How is it different working with entrepreneurs in contrast to large corporate clients?

Charles: Working with entrepreneurs is a much more personal experience. I often become friends with founders and very much share in their excitement (and sometimes disappointment). This is very rewarding but can be challenging at times.

Paul: When working with entrepreneurs and younger startup companies, I often have a more direct line to the business executives who plan and execute the strategies for company growth than when I work with larger corporate clients. When working with more mature companies, the legal issues often get more complex, but my advice to management often gets filtered through in-house counsel.

Charles Torres, Partner, and Paul Navarro, Associate—Business

Recognized as a top attorney by The New York Enterprise Report, Charles Torres leads Perkins Coie’s east coast Emerging Companies & Venture Capital practice. He counsels emerging companies throughout all phases of growth, as well as the venture capital and angel investors that fund and acquire them. Charles helps startups achieve their goals by providing practical, stage-appropriate, business-oriented advice focused on a variety of general corporate and governance issues, including formation, board issues, equity and debt financings, and M&A exit events, to name a few areas. He was a founding partner of Women Innovate Mobile—a first-in-kind accelerator for female-founded companies—and serves on the steering committee of the firm’s LeadBetter program.

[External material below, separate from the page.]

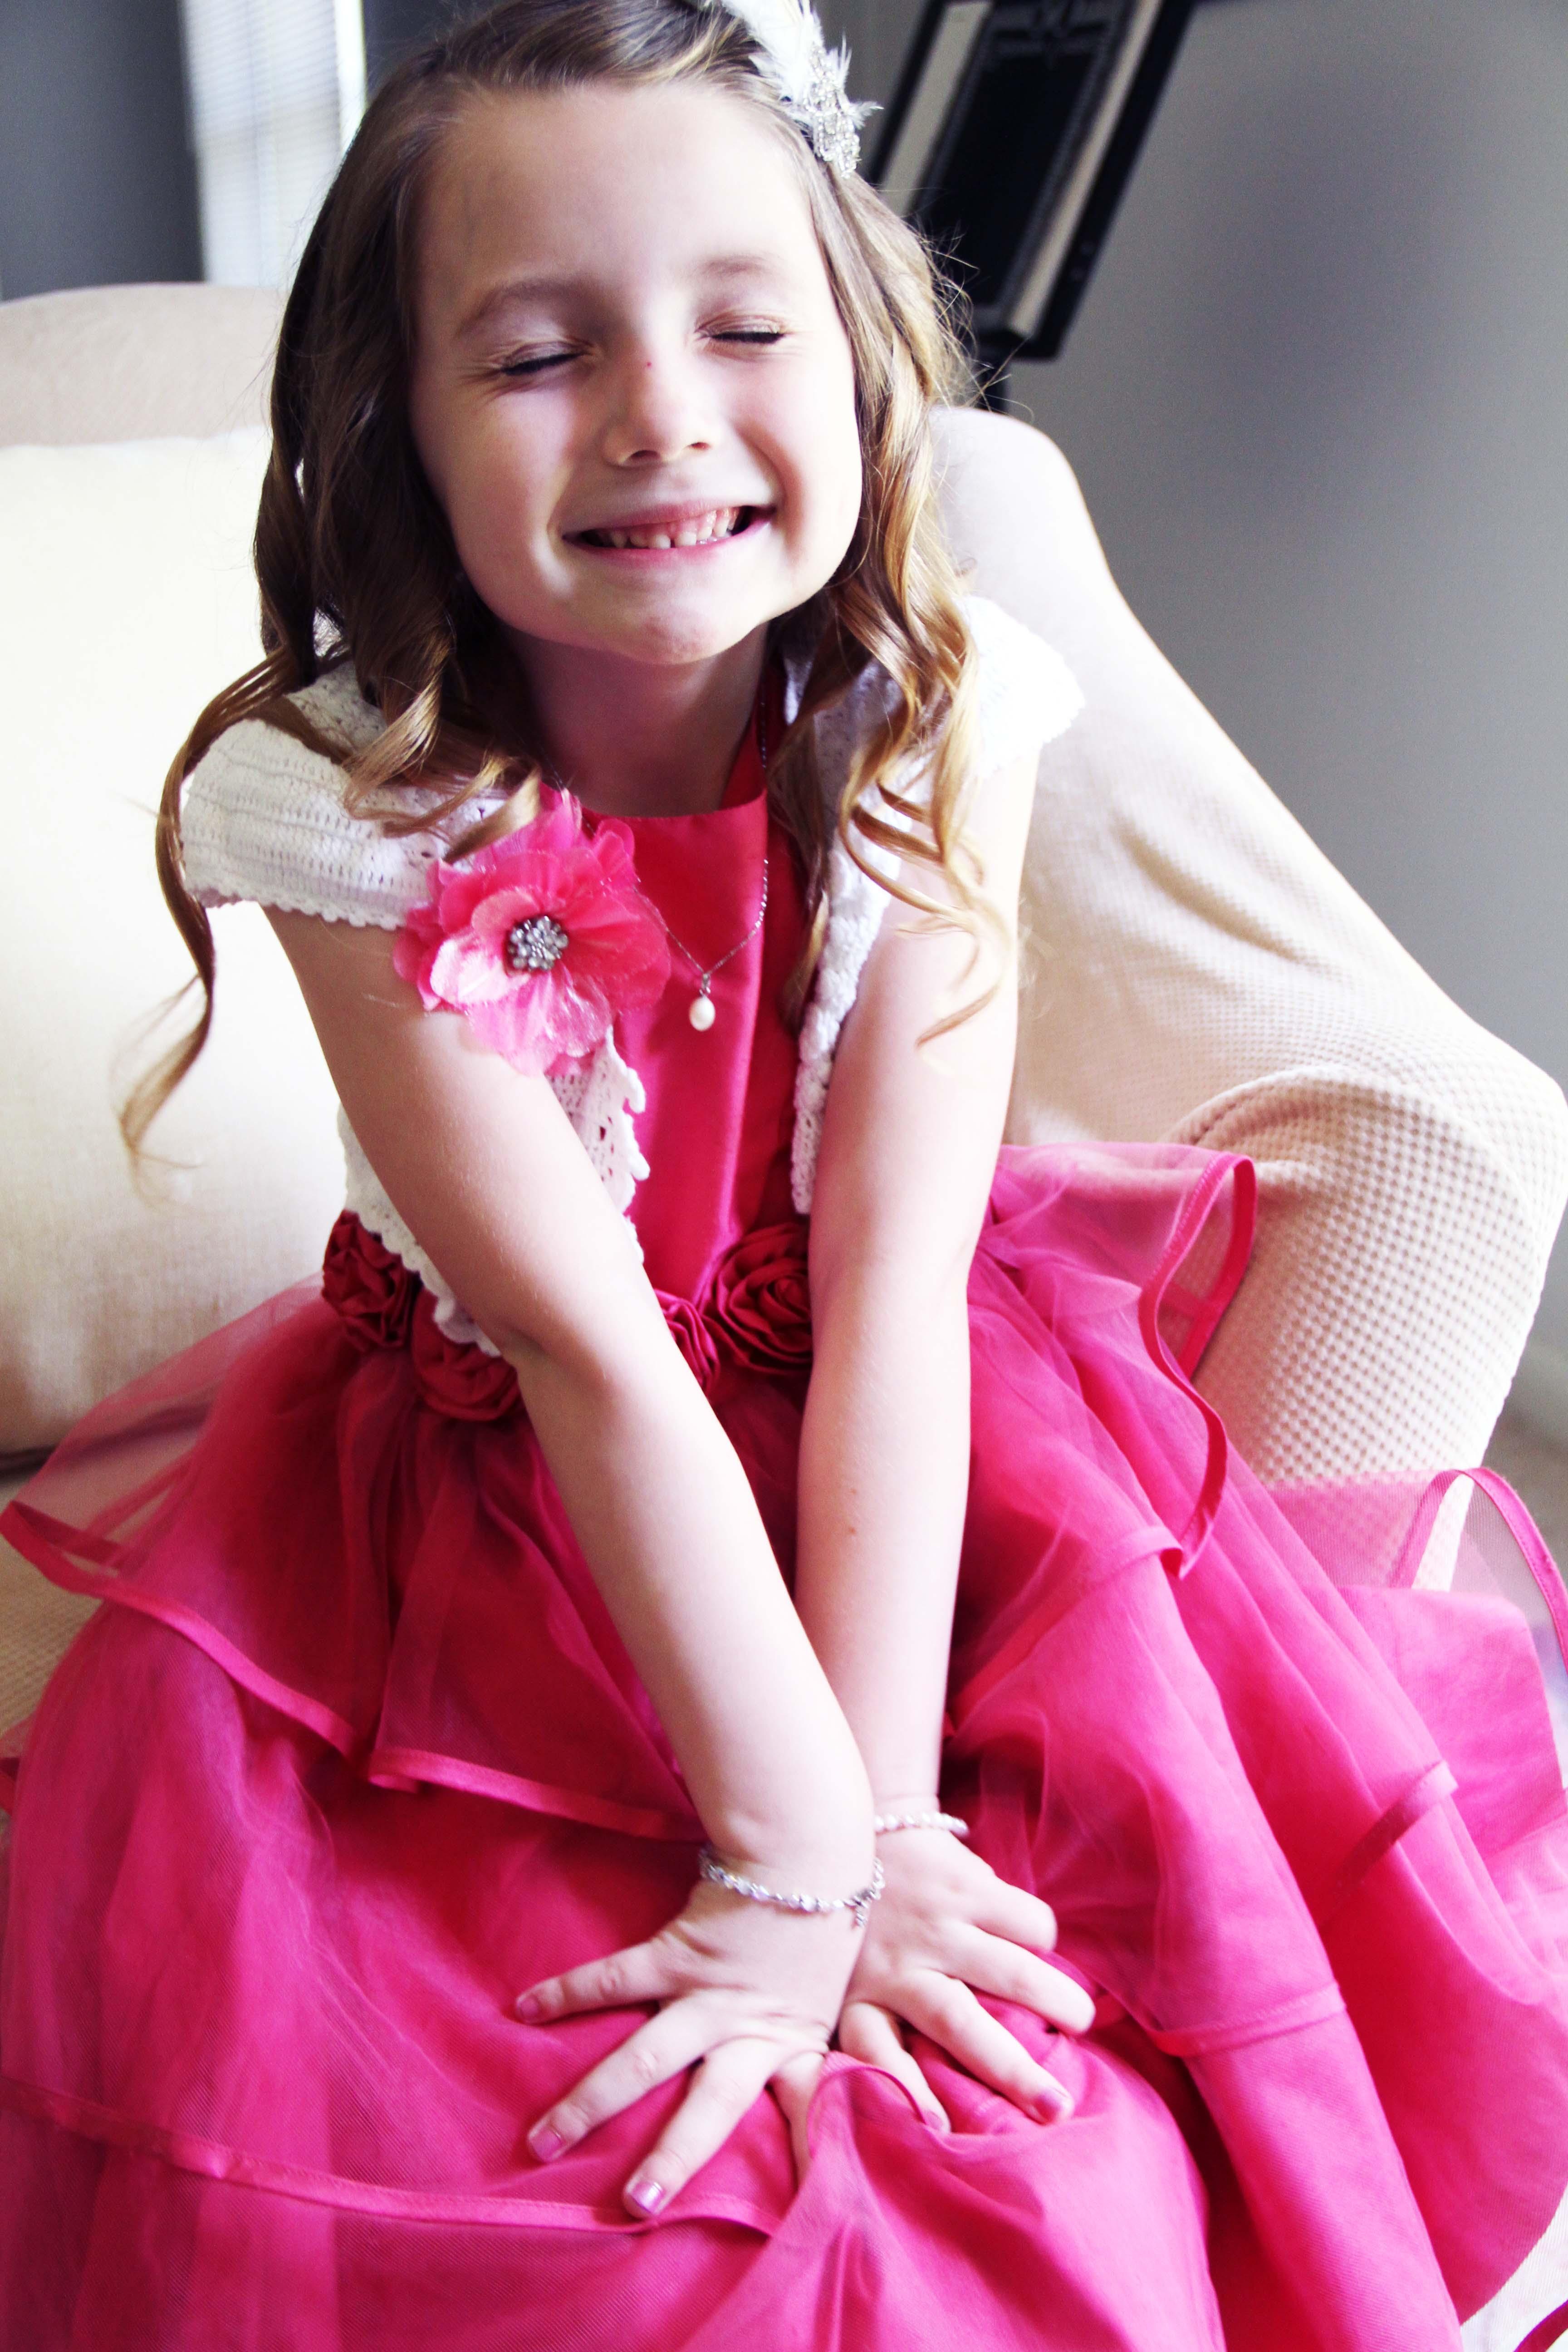 Fluffy in pink dress

Paul Navarro provides practical business counseling to help emerging companies succeed in such areas as entity selection and formation, corporate governance, and company development. Paul advises and assists on early and late-stage venture/equity financings, mergers and acquisitions, and a variety of IP and other contract negotiations. His industry experience includes working with clients in the software and technology sectors, as well as the medical and entertainment industries. Paul also helps several venture funds in financings and new fund formations. For both startup and industry-leading companies, Paul has been the lead associate negotiating and drafting complex operating agreements, IP licenses, services/product purchase agreements, and joint venture agreements.